* [TASK STATEMENT]
Only one stretch of the data below is needed: the line with "Zoey deutch women" through the last line. Output it exactly and drop the pictures.

* [INFORMATION SUPPLIED]
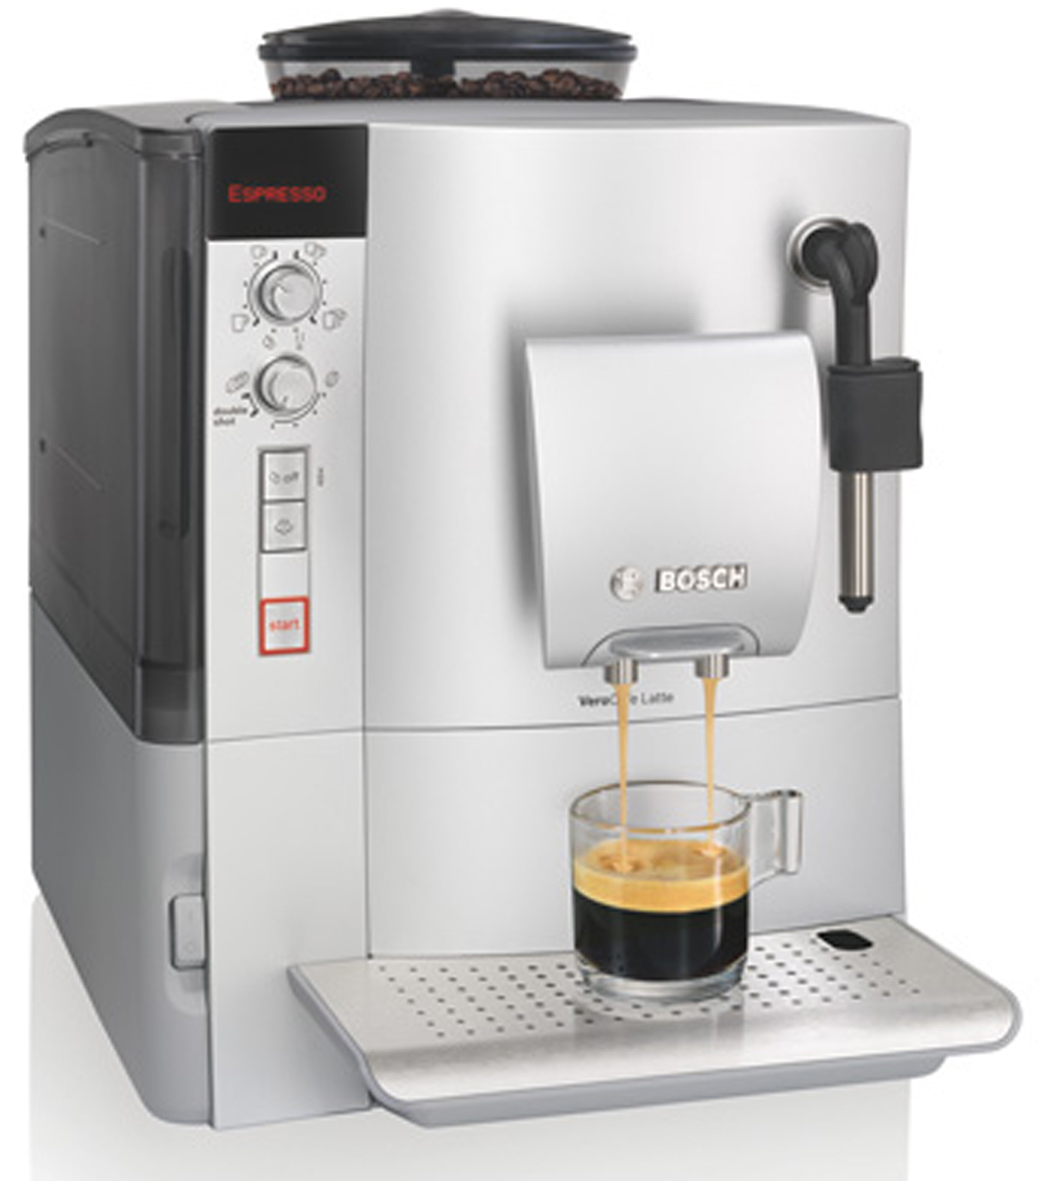 kaffeevollautomat bosch verocafe latte und lattepro. Black Bedroom Furniture Sets. Home Design Ideas
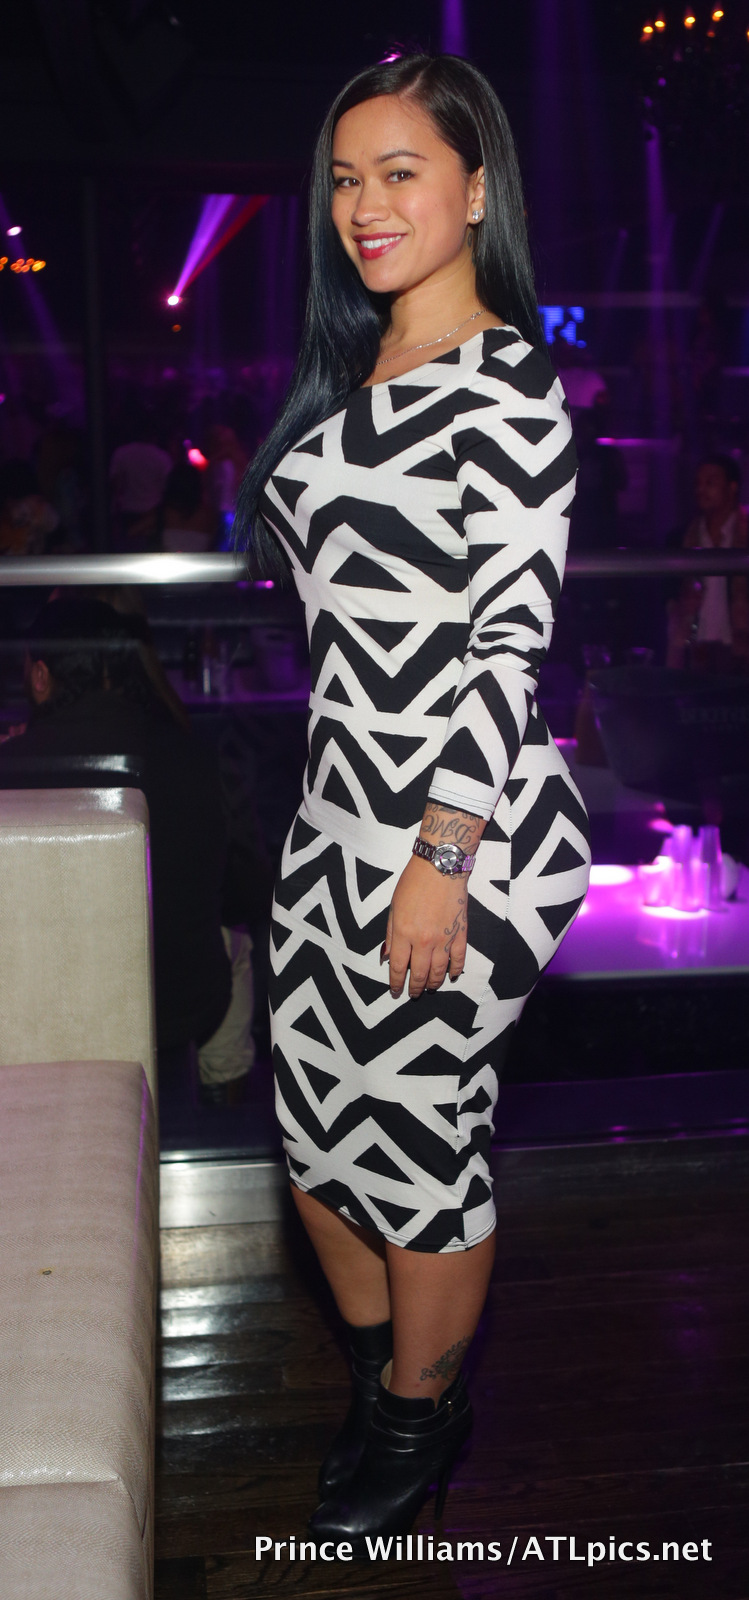 Zoey deutch women in film max mara face of the future awards in la nude (82 photos), Feet Celebrites pictures
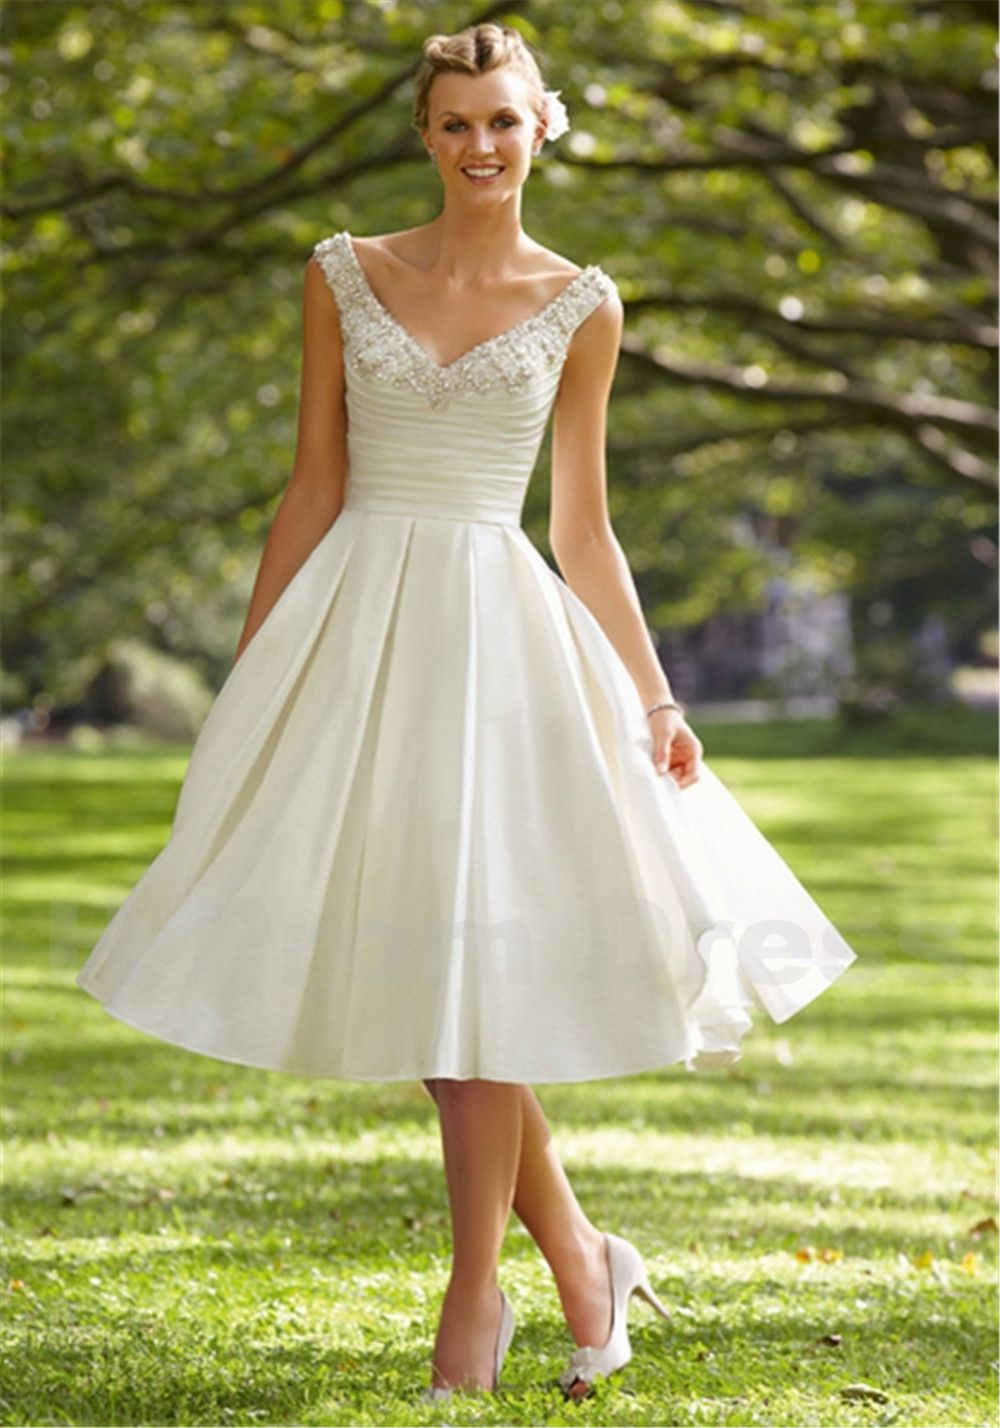 New crystal sequins vestido de noiva backless short wedding dress
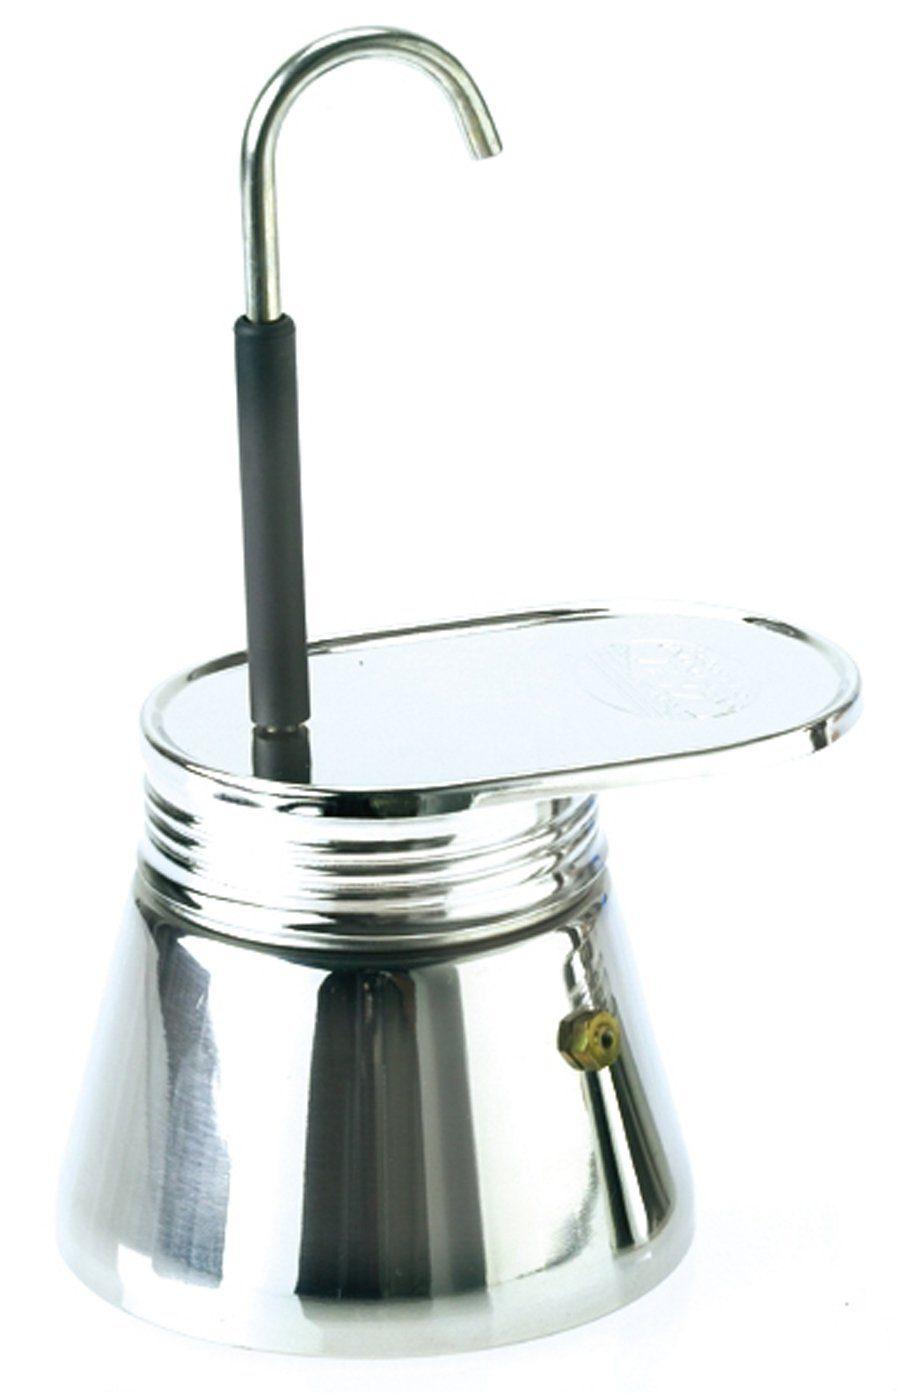 GSI Camping-Geschirr »Espresso Maker Edelstahl 4 Tassen«

* [REPLY TO THE EXERCISE]
 Zoey deutch women in film max mara face of the future awards in la nude (82 photos), Feet Celebrites pictures
 New crystal sequins vestido de noiva backless short wedding dress
 GSI Camping-Geschirr »Espresso Maker Edelstahl 4 Tassen«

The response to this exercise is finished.